Deoxyribonucleic Acid: DNA

Deoxyribonucleic Acid: DNA

Structure of DNA:

DNA is a polymeric macromolecule consisting of many deoxyribonucleotides in a linear sequence. Four different deoxyribonucleotides are the major components of DNA which are distinguished by four nitrogenous bases.

The four bases characteristic of deoxyribonucleotides are purine derivatives:

 1. adenine (A) and guanine (G) 

 2. pyrimidine derivatives; thymine (T) and cytosine (C). 

In working out the structure of DNA, the following three types of studies have been very helpful:

 1. Studies on base pairing and Equivalence:

 DNA consists of two unbranched chains of polynucleotides. 

 The backbone of these nucleotide chains is quite regular and consists of alternate sugar and phosphate group joined with 3 and 5 phosphodiester linkages. 

 The sugar molecule is attached on one side with a base.
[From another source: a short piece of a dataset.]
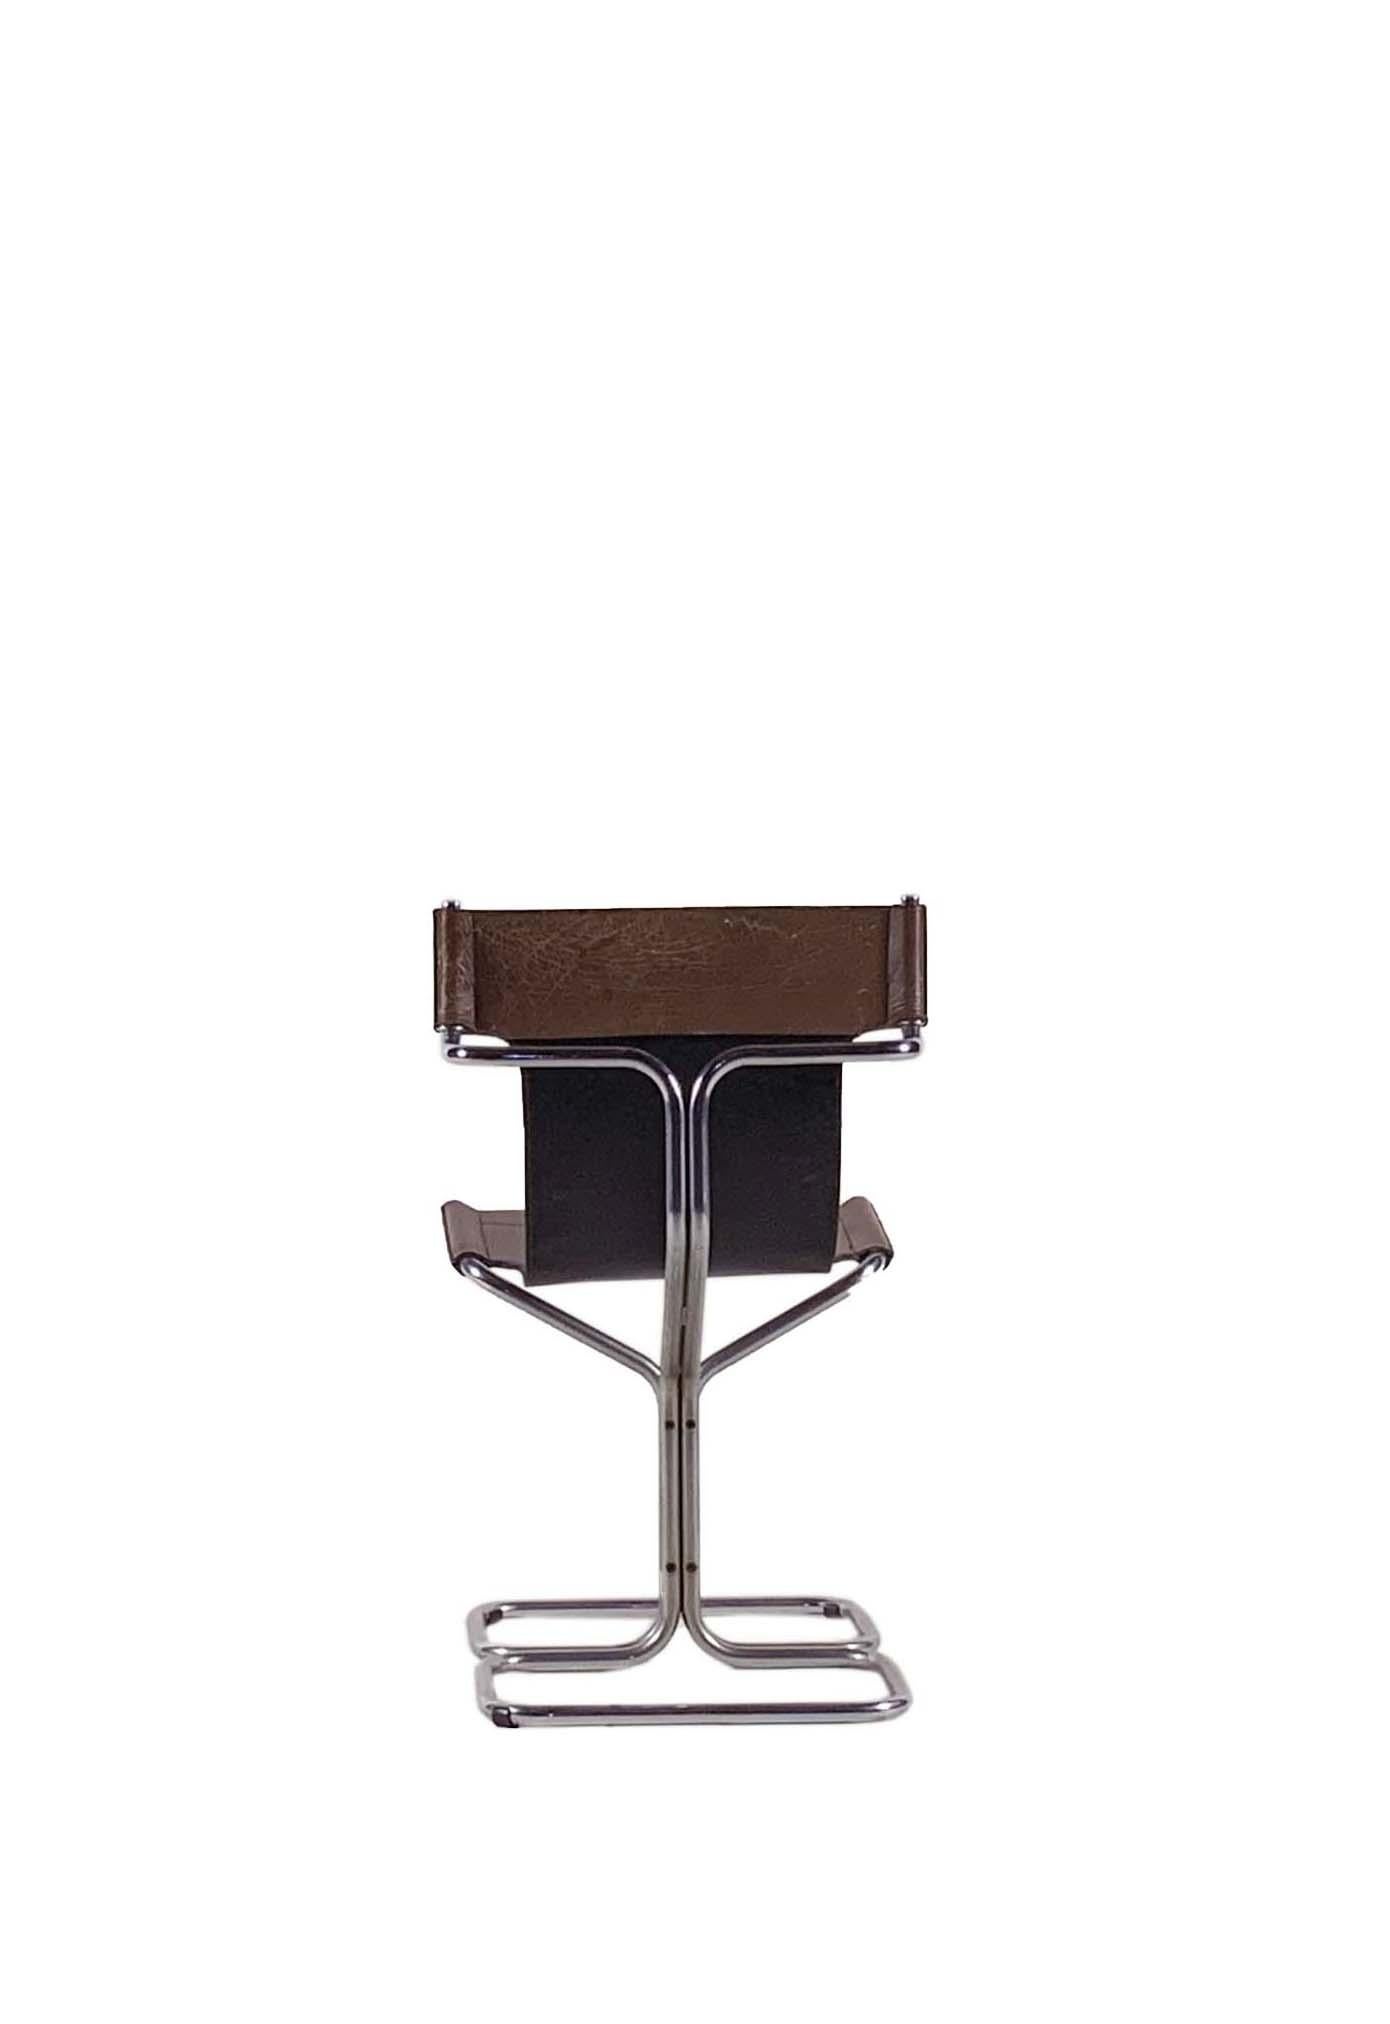 Topos Chair by Gruppo Dam for Gruppo Industriale Busnelli, 1969 In Fair Condition For Sale In Misinto, IT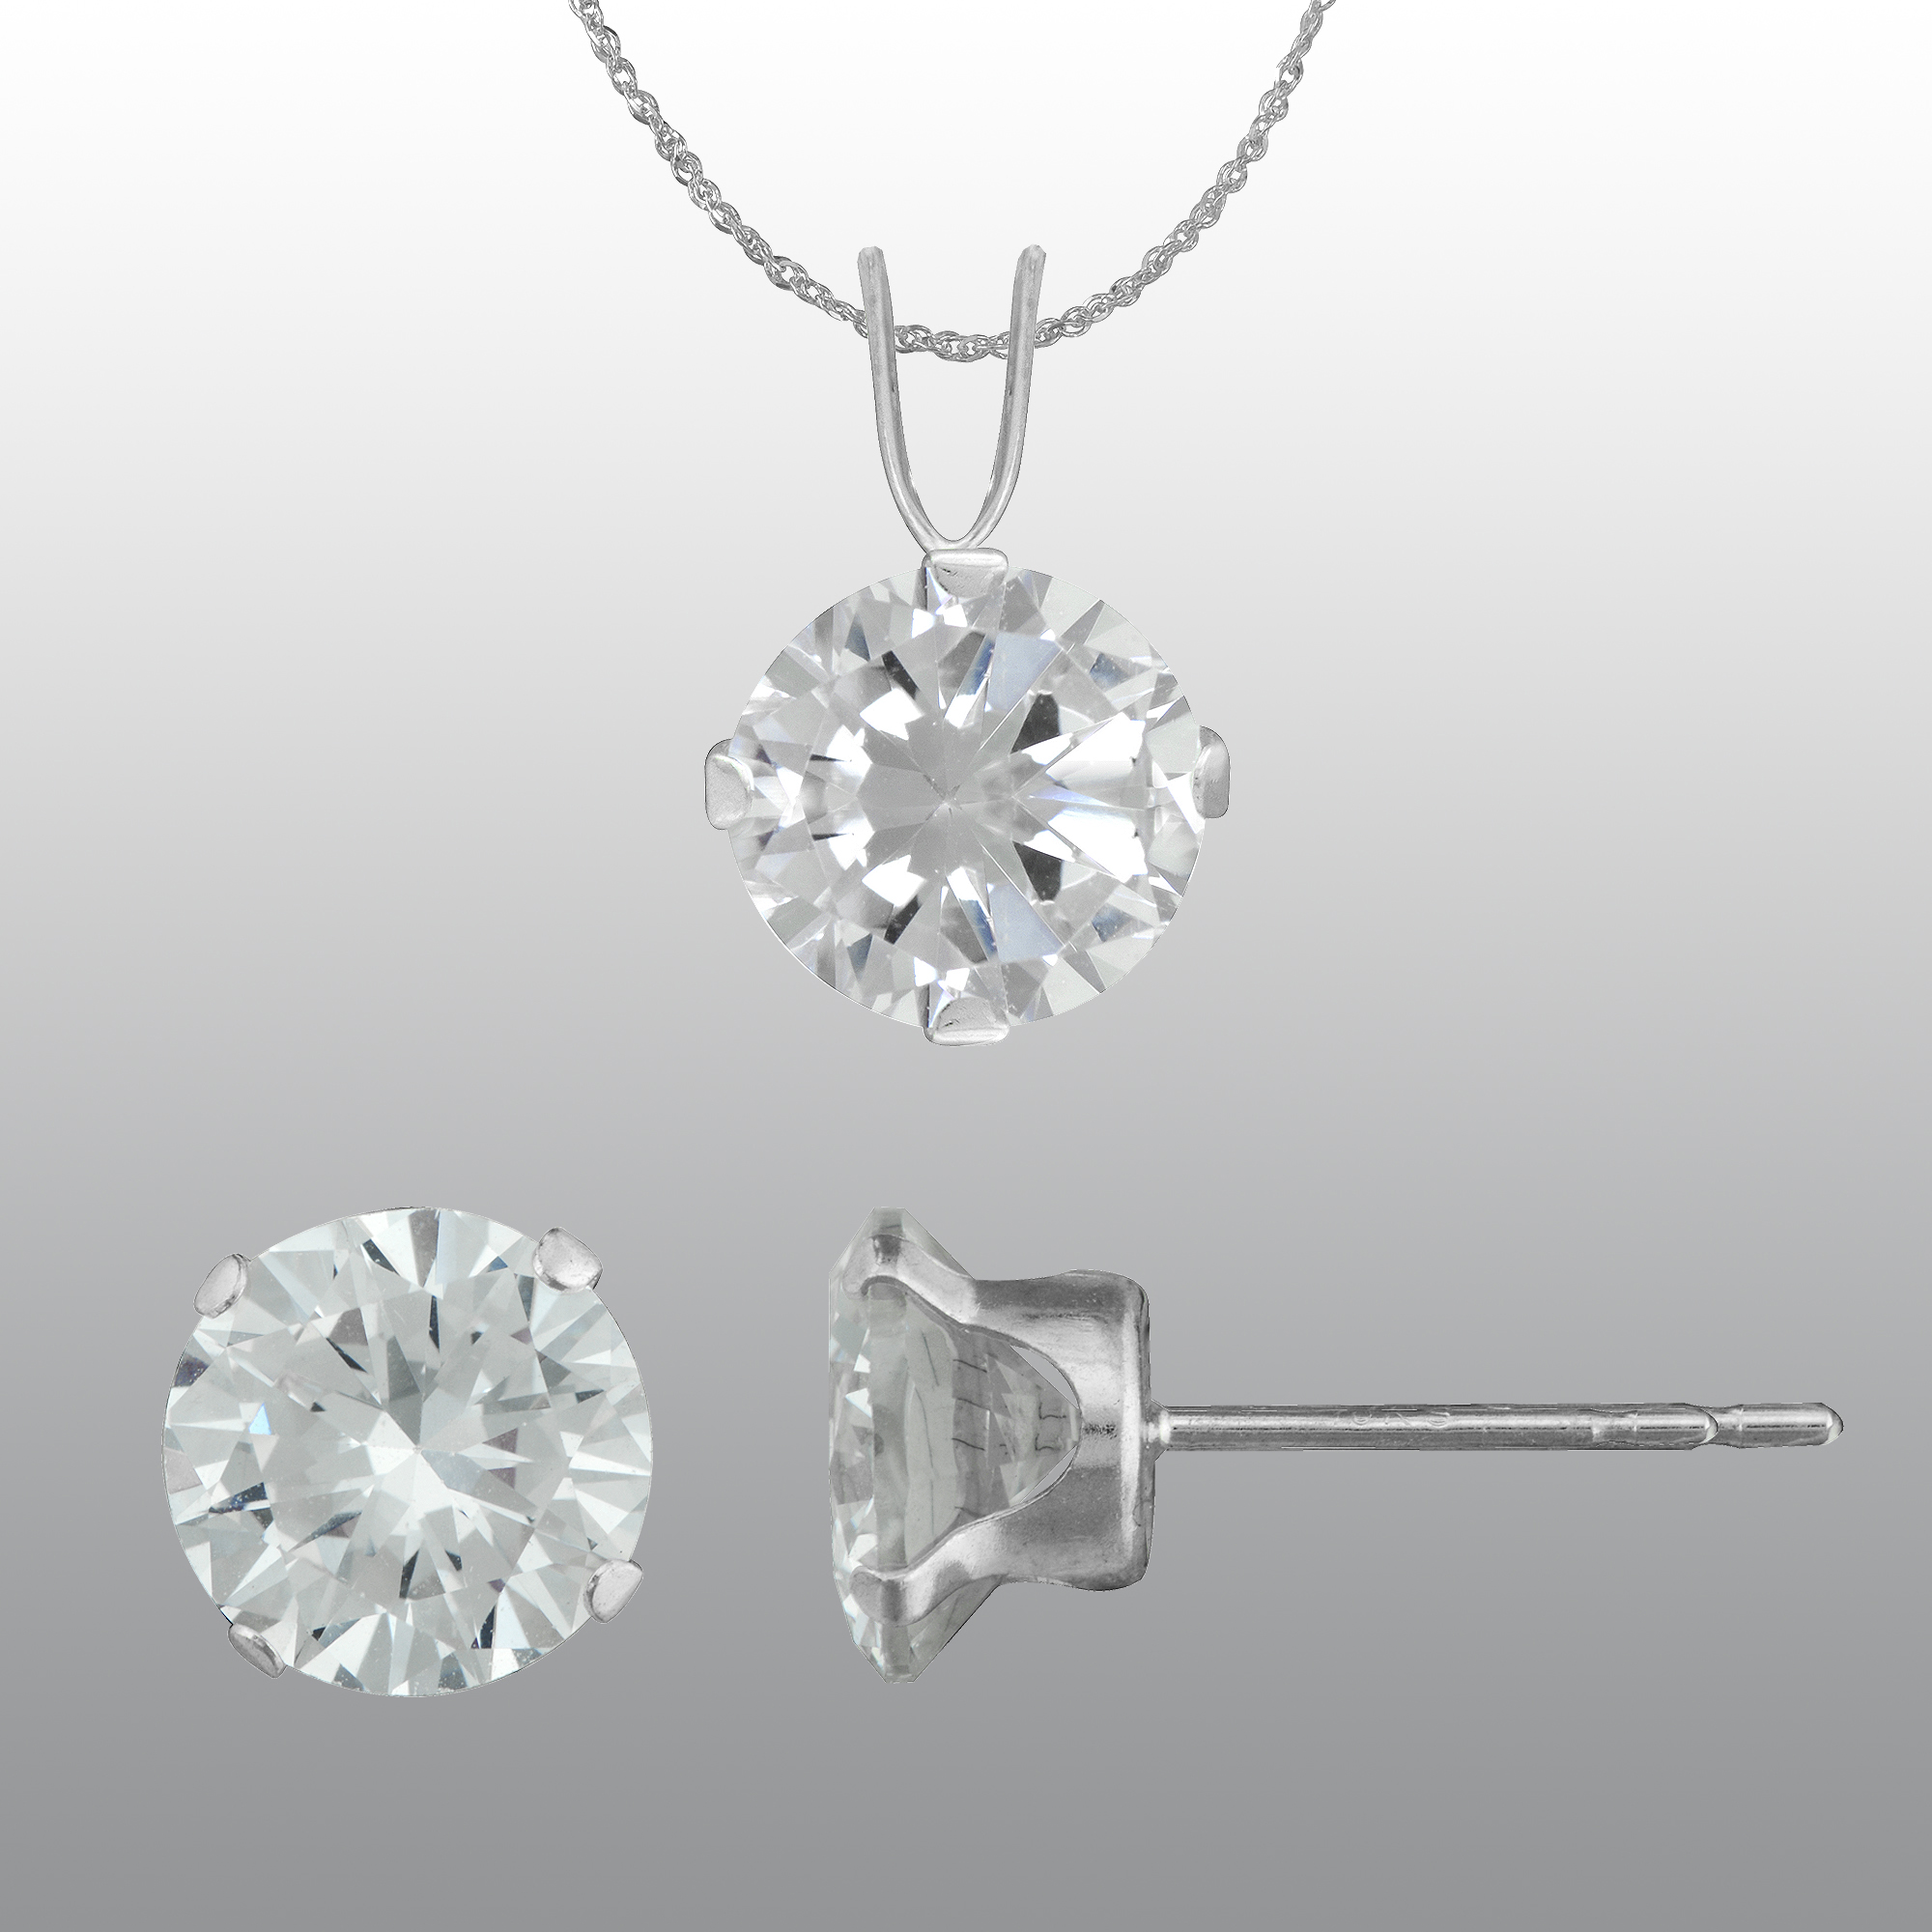 10KT White Gold 4mm Cubic Zirconia Pendant and Earring Set

In 1950, Chargaff pointed out that in DNA the amount of adenine equals the amount of thymine and the amount of guanine equals that of cytosine. 

 This important observation has now become a universal law that holds true for every replicative DNA found in nature. Within the limits of experimental error the ratios of A/T and G/C are equal to 1 except for the isolated ¢X174.  

 The ratio A+T /G+C is not equal to one and has been used to characterise the DNA from a particular source.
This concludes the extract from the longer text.